JERUSALEM: L'armée israélienne a averti mercredi soir qu'elle considérait comme une "zone de combat" tout le territoire libanais situé au sud du Zahrani, fleuve s'écoulant à une quarantaine de kilomètres de la frontière entre Israël et le Liban.

Dans un message sur les réseaux sociaux semblant acter la fin du cessez-le-feu plus que précaire entre Israël et le mouvement islamiste libanais Hezbollah, le colonel Avichay Adraee, porte-parole arabophone de l'armée israélienne a appelé tous les habitants qui se trouveraient dans cette région à évacuer vers la rive nord du Zahrani.

"A la lumière des violations répétées des termes du cessez-le-feu par le Hezbollah terroriste, [l'armée israélienne] va agir contre lui avec une très grande force", a prévenu l'officier.

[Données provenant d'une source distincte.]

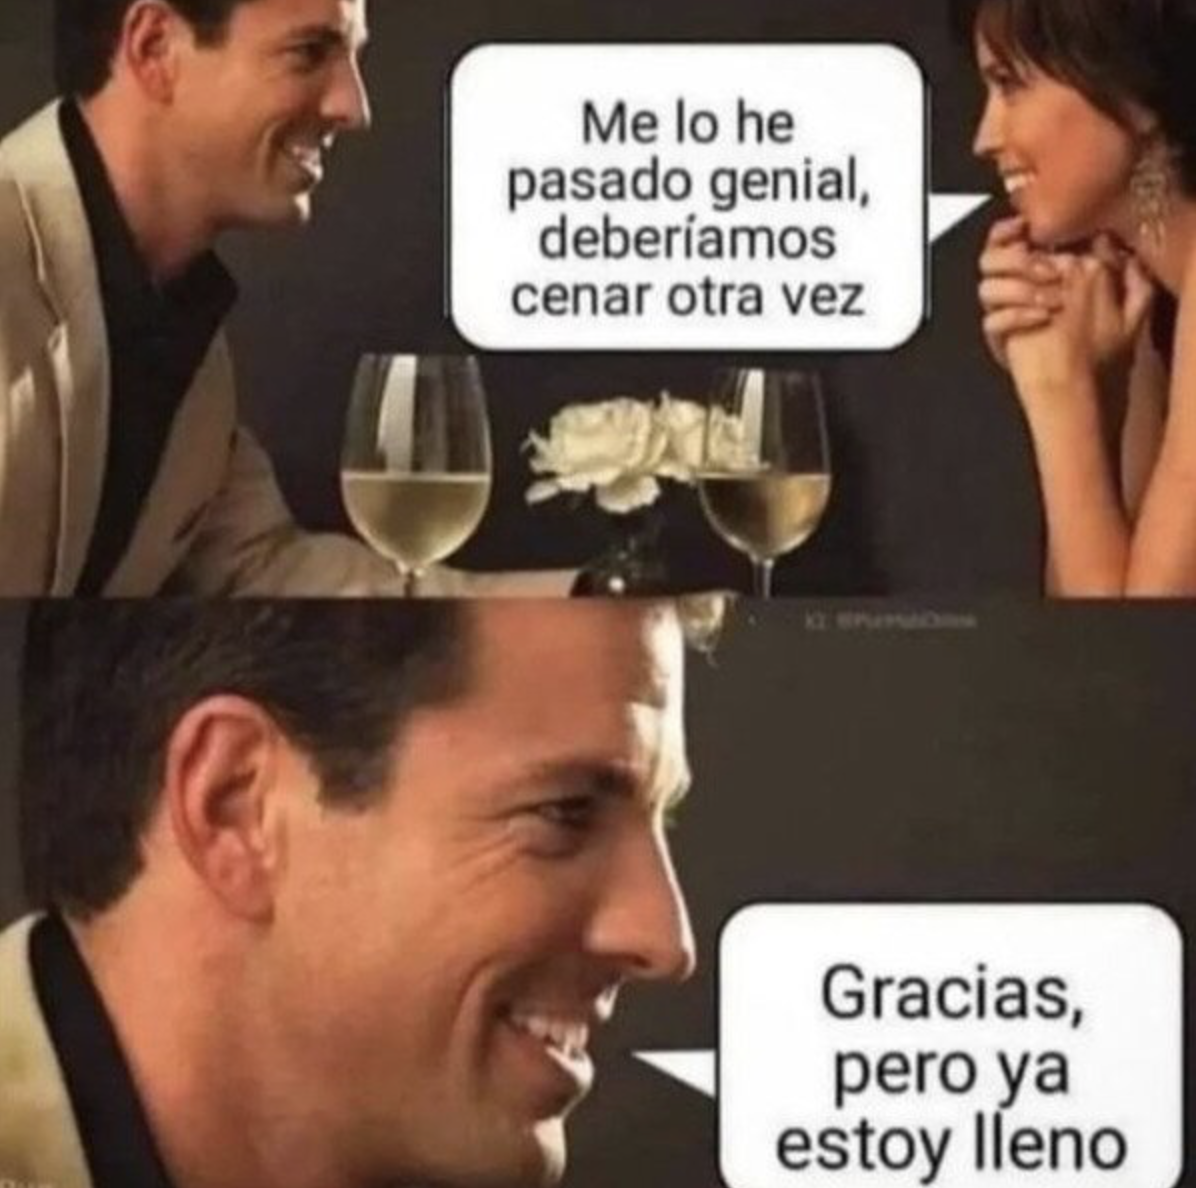 hispanic memes

"Au Liban, nous intensifions nos opérations afin de porter des coups toujours plus sévères à l'organisation Hezbollah", a déclaré de son côté le lieutenant-général Eyal Zamir, chef d'état-major de l'armée israélienne, lors d'une cérémonie de réception d'un nouvel avion ravitailleur pour l'armée de l'Air.

"Cette mission est conduite de manière méthodique, sur tous les fronts — dans les airs comme au sol — avec responsabilité et détermination, face à un ennemi affaibli et durement éprouvé", a-t-il dit selon une vidéo de la cérémonie diffusée par le service de presse de l'armée.

"Le Hezbollah déploie contre nous une large gamme de menaces, notamment celle des drones" explosifs, a-t-il ajouté promettant de poursuivre "sans relâche [les] efforts [pour infliger] à l'ennemi un coût élevé, tant sur la ligne de front qu'en profondeur".